Today, I am very pleased to present an exceptional book for your summer reading.
This book with a light-touch of a title, Who Cooked Adam Smith's Dinner, is anything but a light main course. It's overview and perspective are ripe for today's times. Multiple economic crises and increasingly serious environmental issues globally call out for alternatives to business-as-usual.
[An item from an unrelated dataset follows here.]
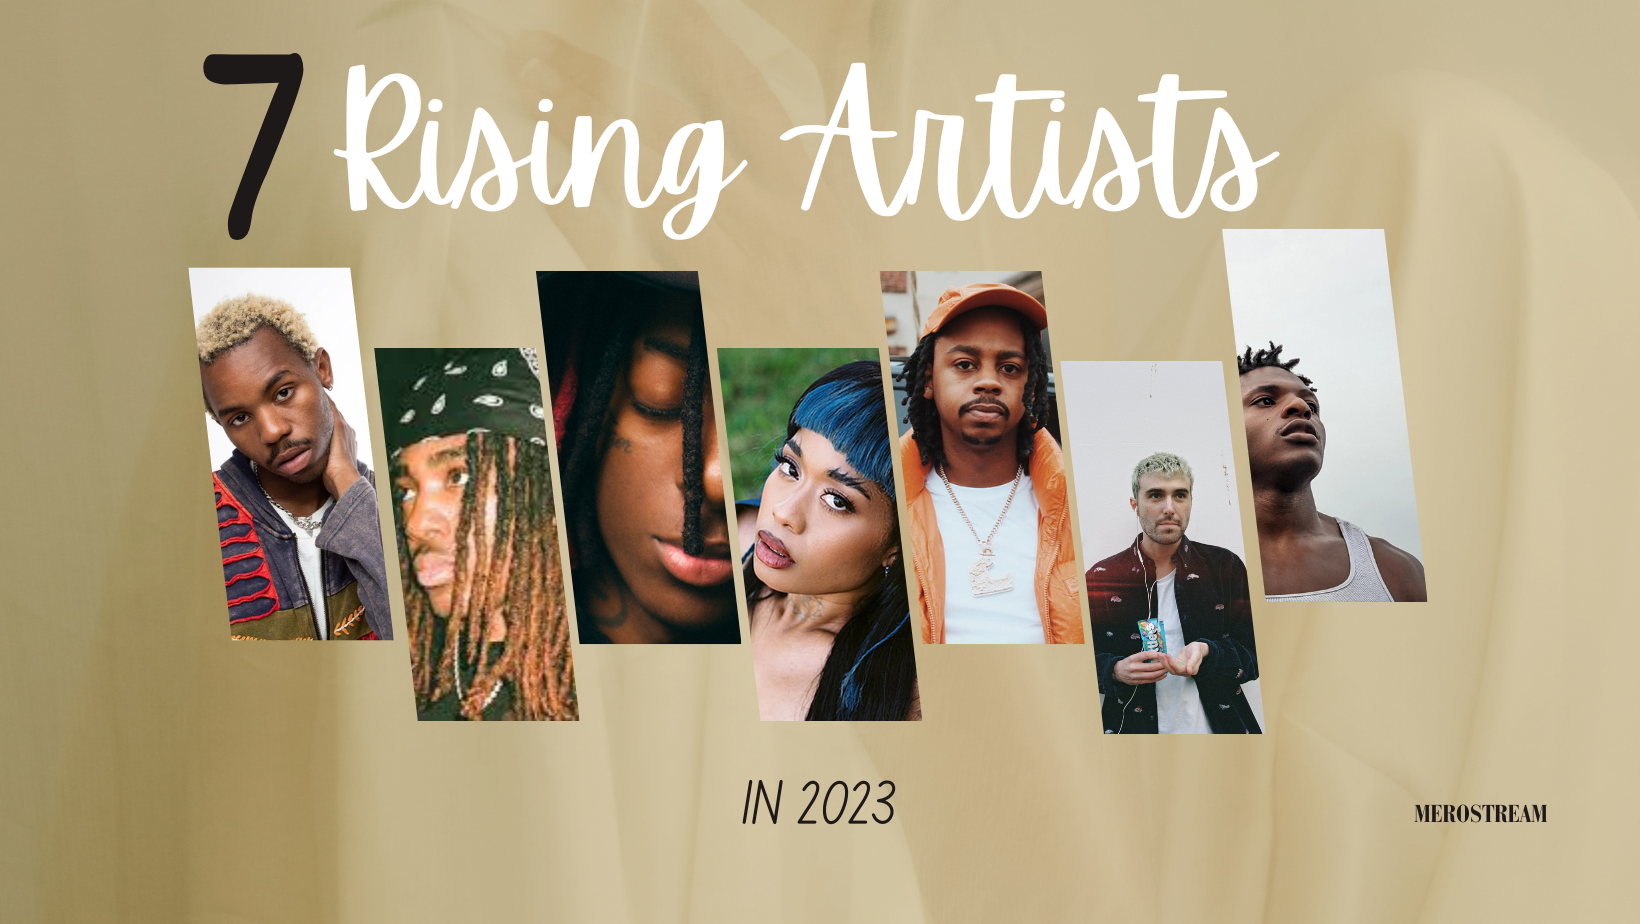 7 Rising Artistes to Watch Out For in 2023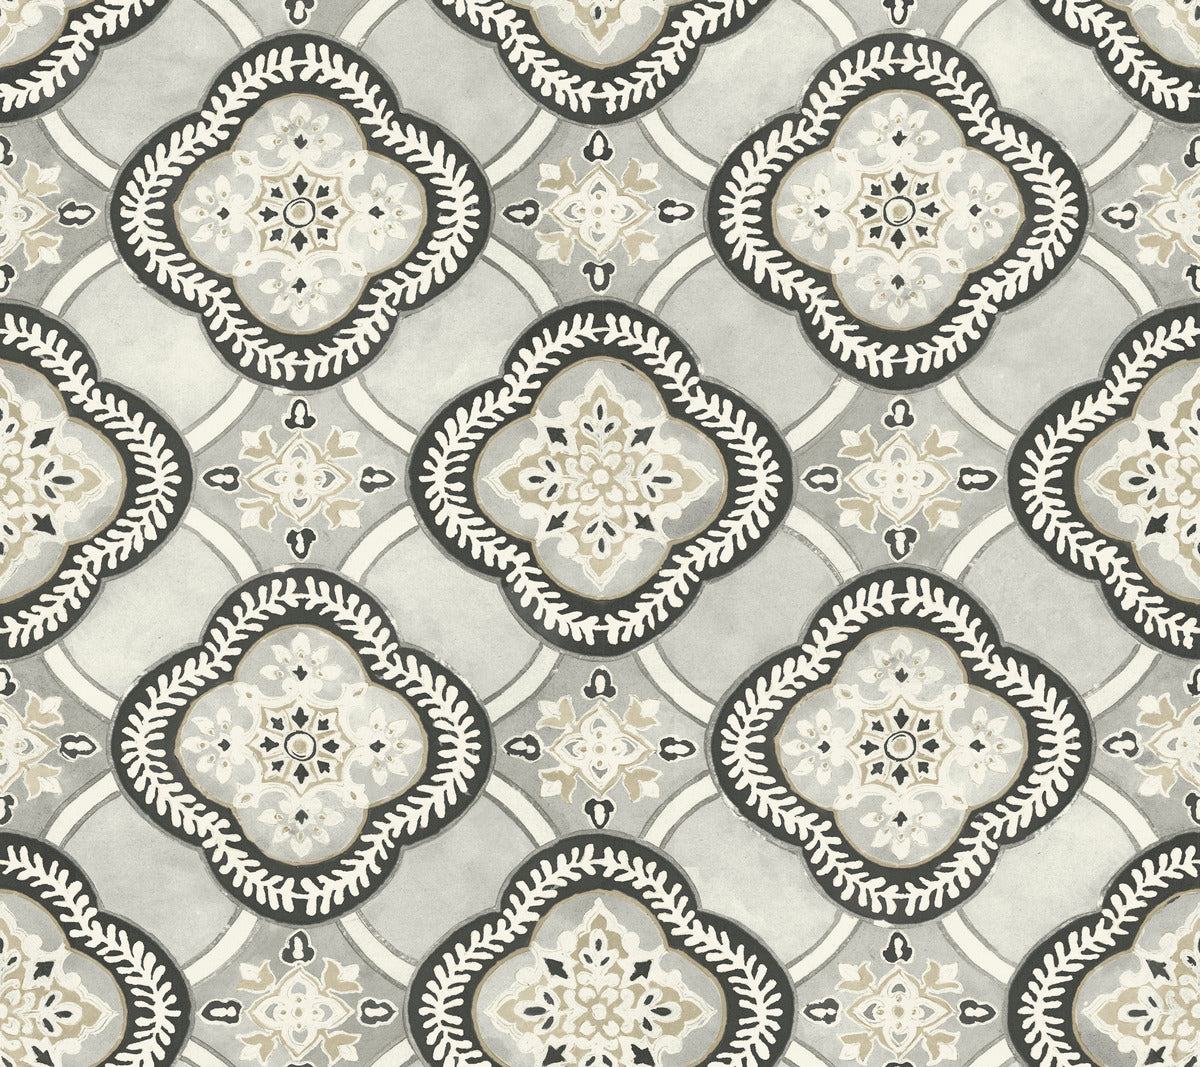 A seamless pattern featuring intricate, symmetrical, floral-like designs within interlocking diamond shapes. The pattern consists of shades of grey, black, white, and beige, creating a visually appealing and elegant look reminiscent of vintage tile work—a perfect choice for removable wallpaper like the Garden Trellis Cobalt Wallpaper Blue (60 Sq.Ft.) from York Wallcoverings with botanical elegance.

An awakening realization is growing alongside an economic system that's driven by growth and has multiple problems shifting to sustainable production, environmental security and what is referred to as "national security" by forces carried forward from imperial Britain.
Aye, this is at the Brits say, 'the rub', how to move a nation and a world from old ways to news of thinking.
Katrine, whose livelihood is an editorial writer for one of the largest daily newspaper in the northern Europe, is well-capable and -positioned to take on the challenge.
Our GreenPolicy section on eco-feminism and history of feminism, the influences and importance of seeing eco-nomics in ways much different than the prevailing 'neoliberalism/neoconservatism' that is 'the only alternative' as Margaret Thatcher once quipped while a cabinet of powerful businessmen who put Ronald Reagan into office and shaped a next generation's policies nodded in agreement.
It's time for what is sometimes called in the US, a 'come to Jesus moment', a time to tell it like it is, to open up and accept the word.
Katrine is clearly getting close to the nub, the rub and the truth as she looks a paradigm, a male built and described economic system that is long due for a change, a serious change of course.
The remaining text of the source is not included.